__EXERCISE__.
Without including any pictures, give back all of the data exactly.

__DATASET EXCERPT__.
○ ○ ○ ○

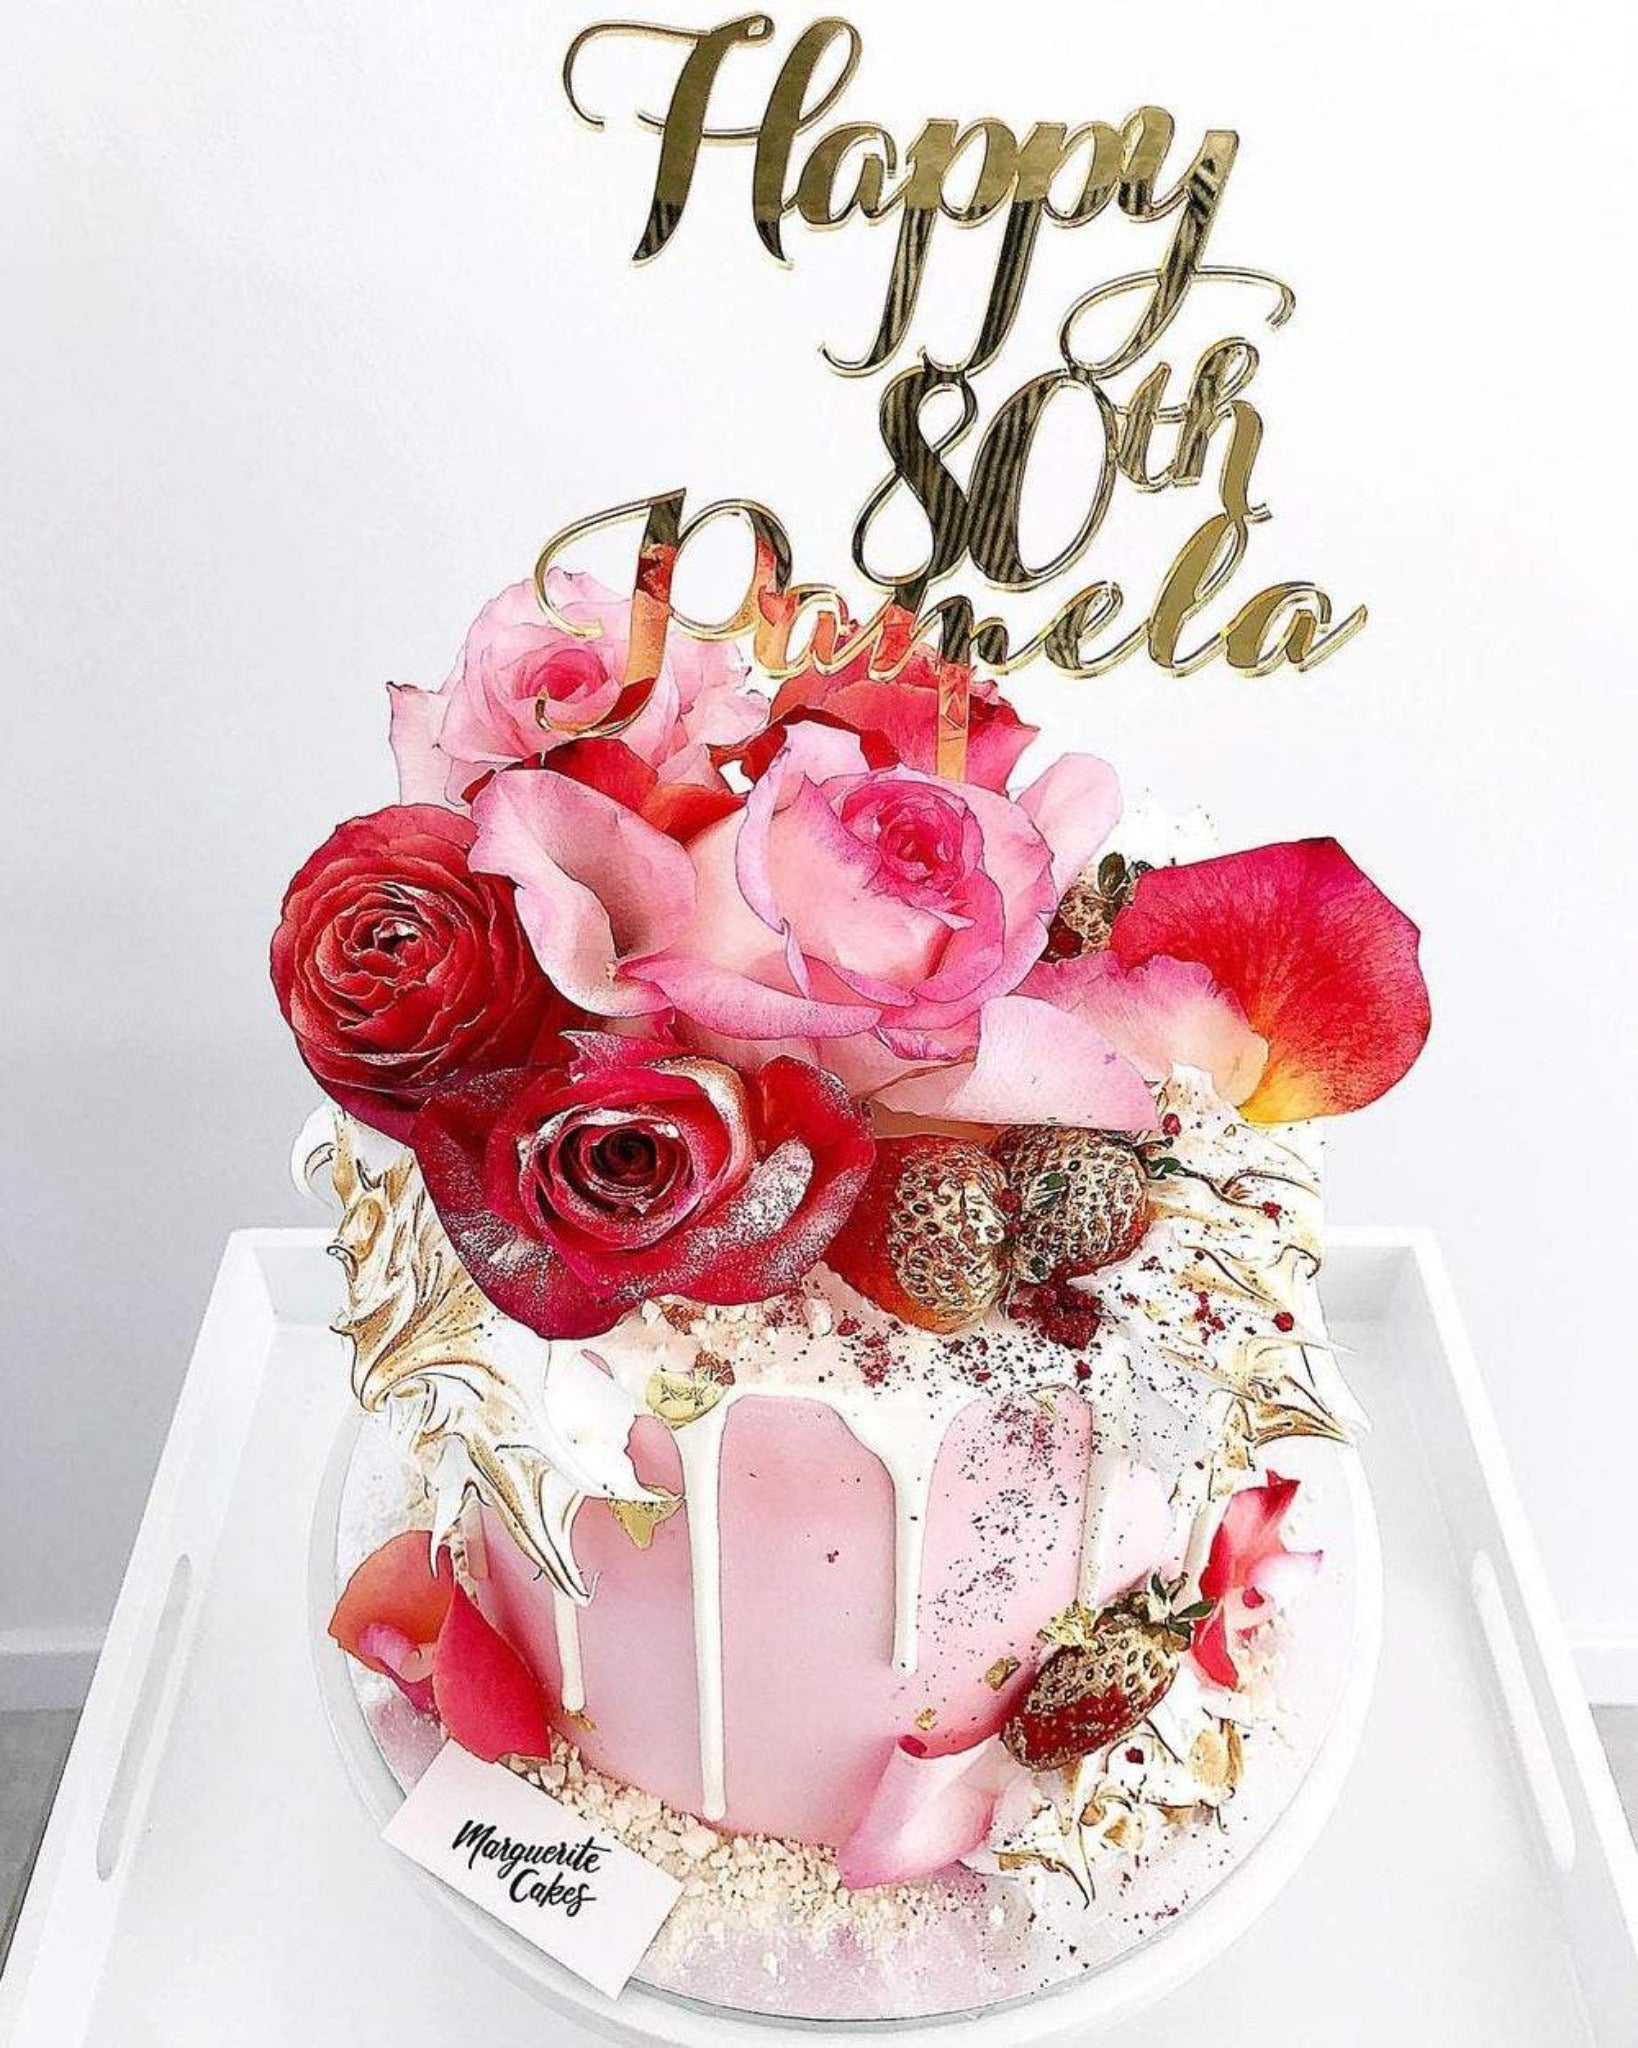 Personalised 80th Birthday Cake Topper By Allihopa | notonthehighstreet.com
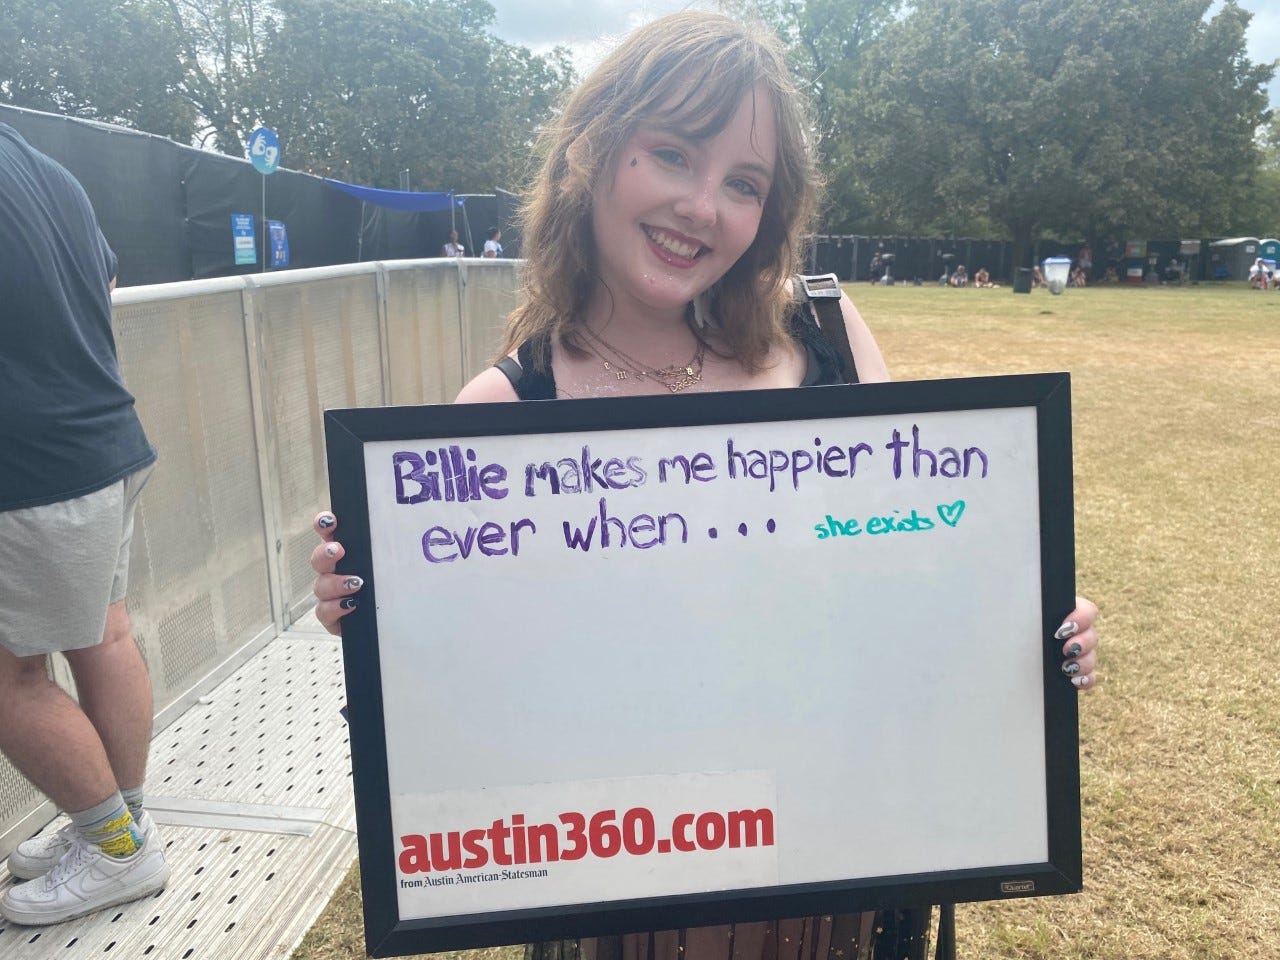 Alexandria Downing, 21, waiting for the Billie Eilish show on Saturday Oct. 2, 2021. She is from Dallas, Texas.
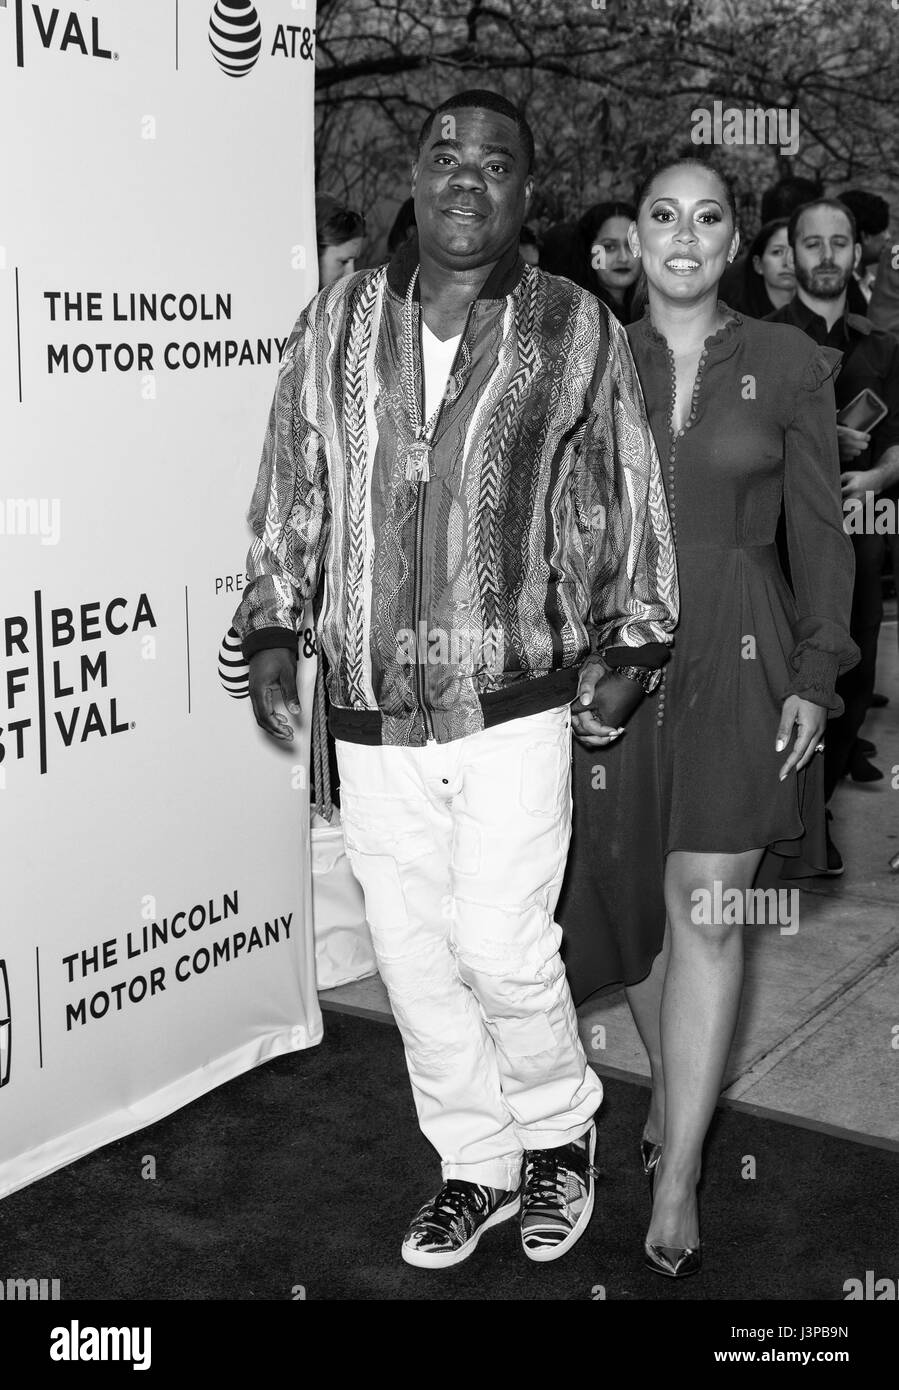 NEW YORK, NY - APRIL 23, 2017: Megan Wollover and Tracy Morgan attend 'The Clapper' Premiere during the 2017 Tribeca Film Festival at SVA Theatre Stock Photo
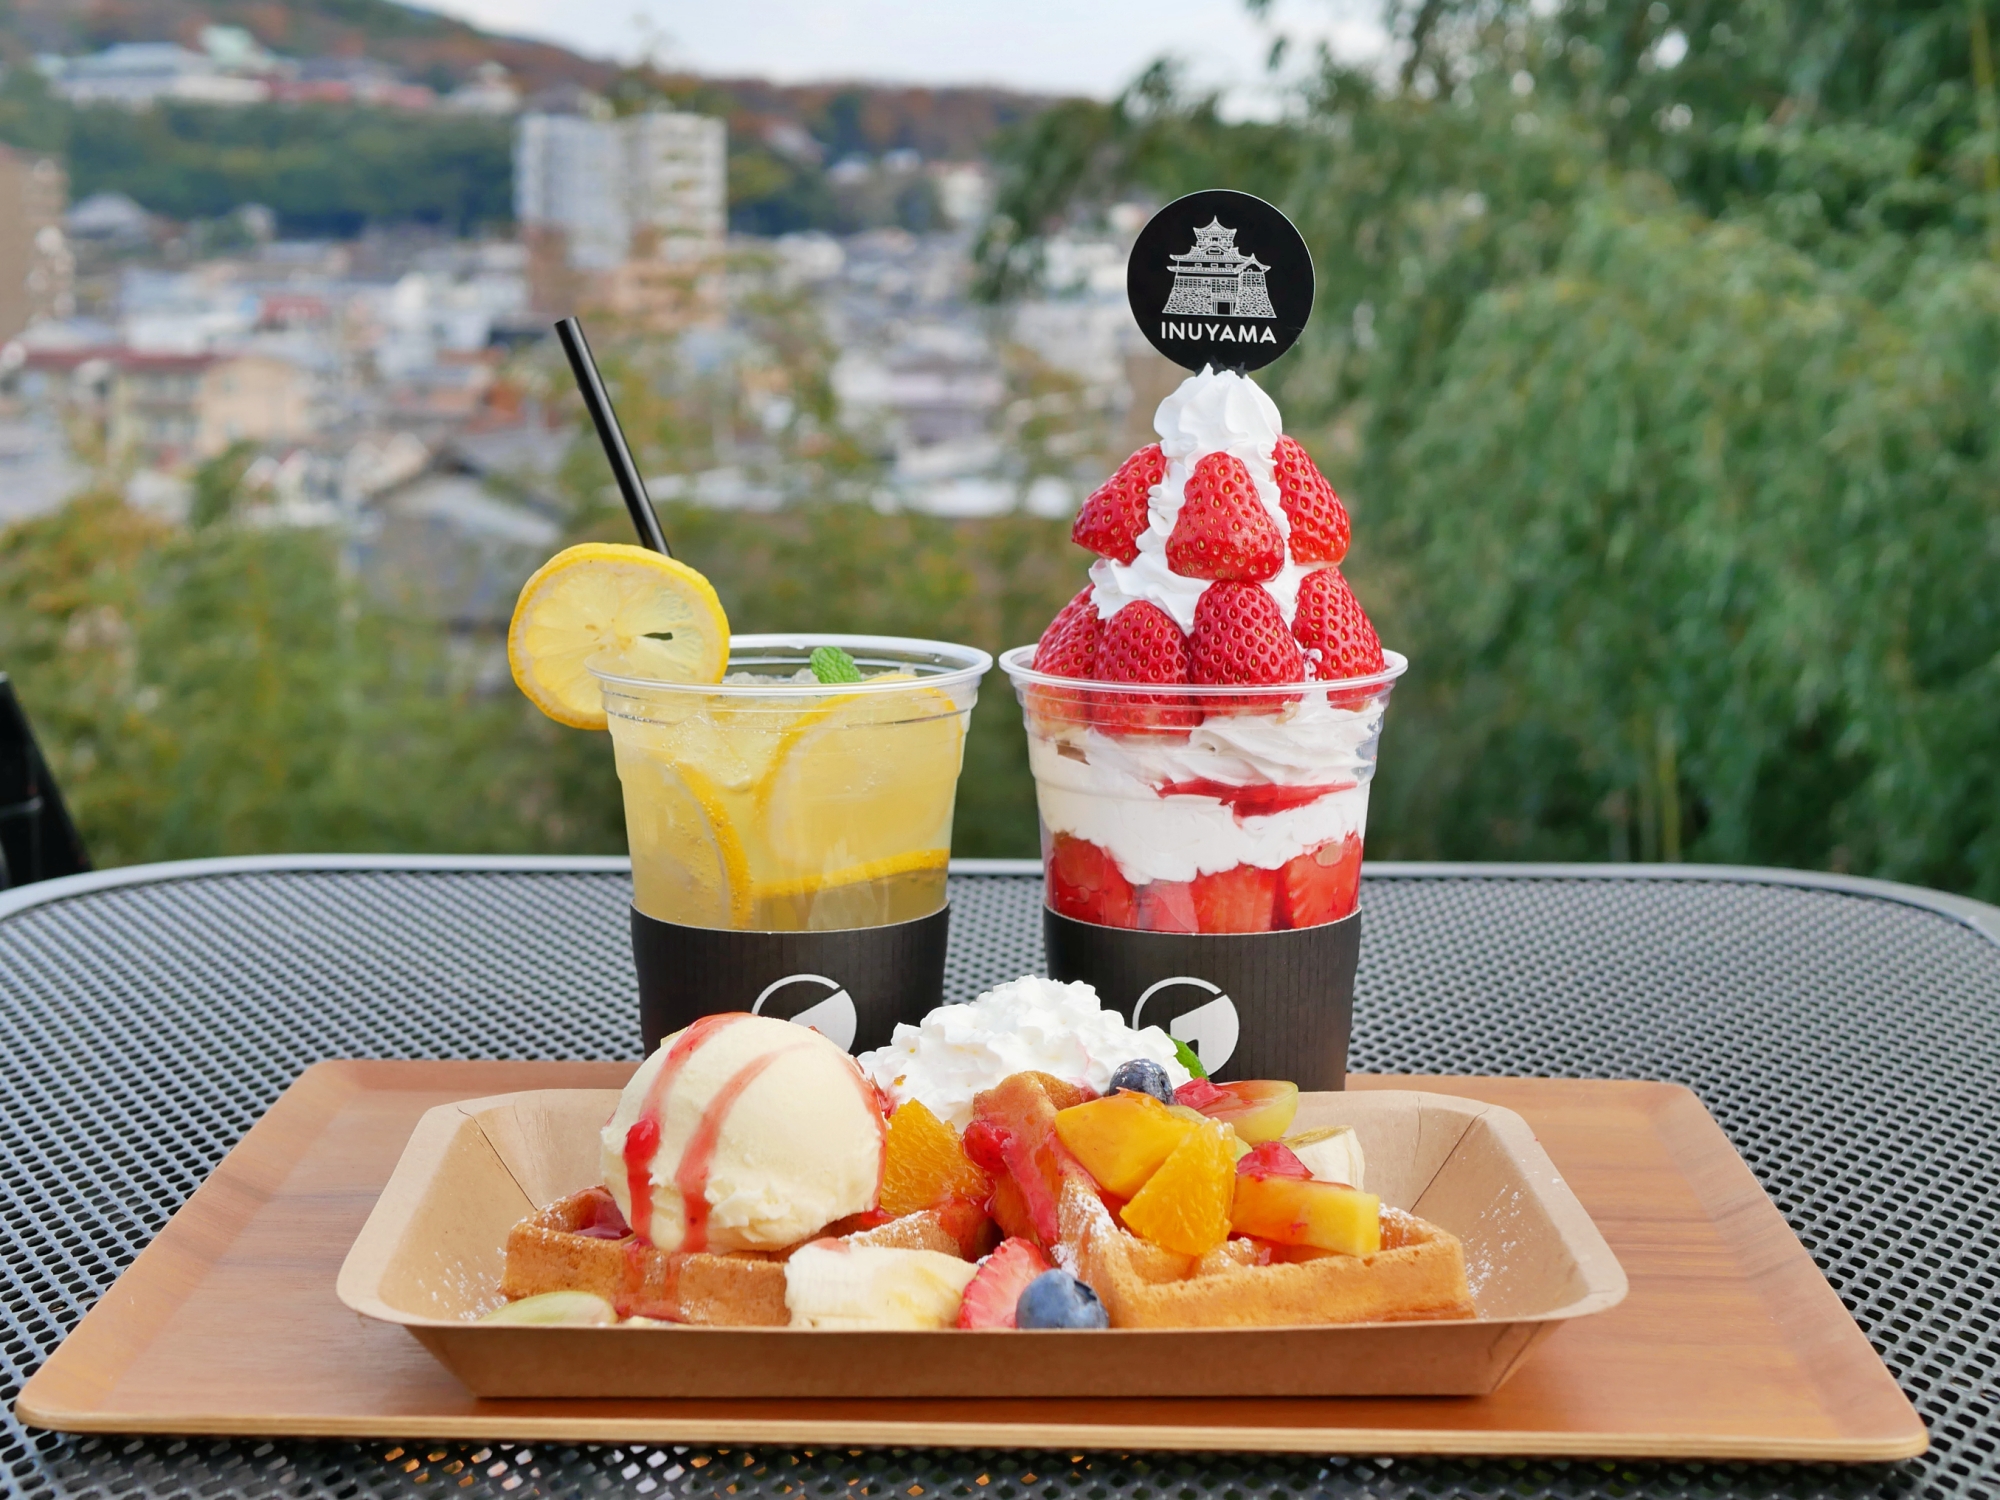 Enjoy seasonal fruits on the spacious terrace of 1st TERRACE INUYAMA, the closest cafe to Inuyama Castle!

○ ○ ○ ○

__SOLVED PROBLEM__.
 Personalised 80th Birthday Cake Topper By Allihopa | notonthehighstreet.com
 Alexandria Downing, 21, waiting for the Billie Eilish show on Saturday Oct. 2, 2021. She is from Dallas, Texas.
 NEW YORK, NY - APRIL 23, 2017: Megan Wollover and Tracy Morgan attend 'The Clapper' Premiere during the 2017 Tribeca Film Festival at SVA Theatre Stock Photo
 Enjoy seasonal fruits on the spacious terrace of 1st TERRACE INUYAMA, the closest cafe to Inuyama Castle!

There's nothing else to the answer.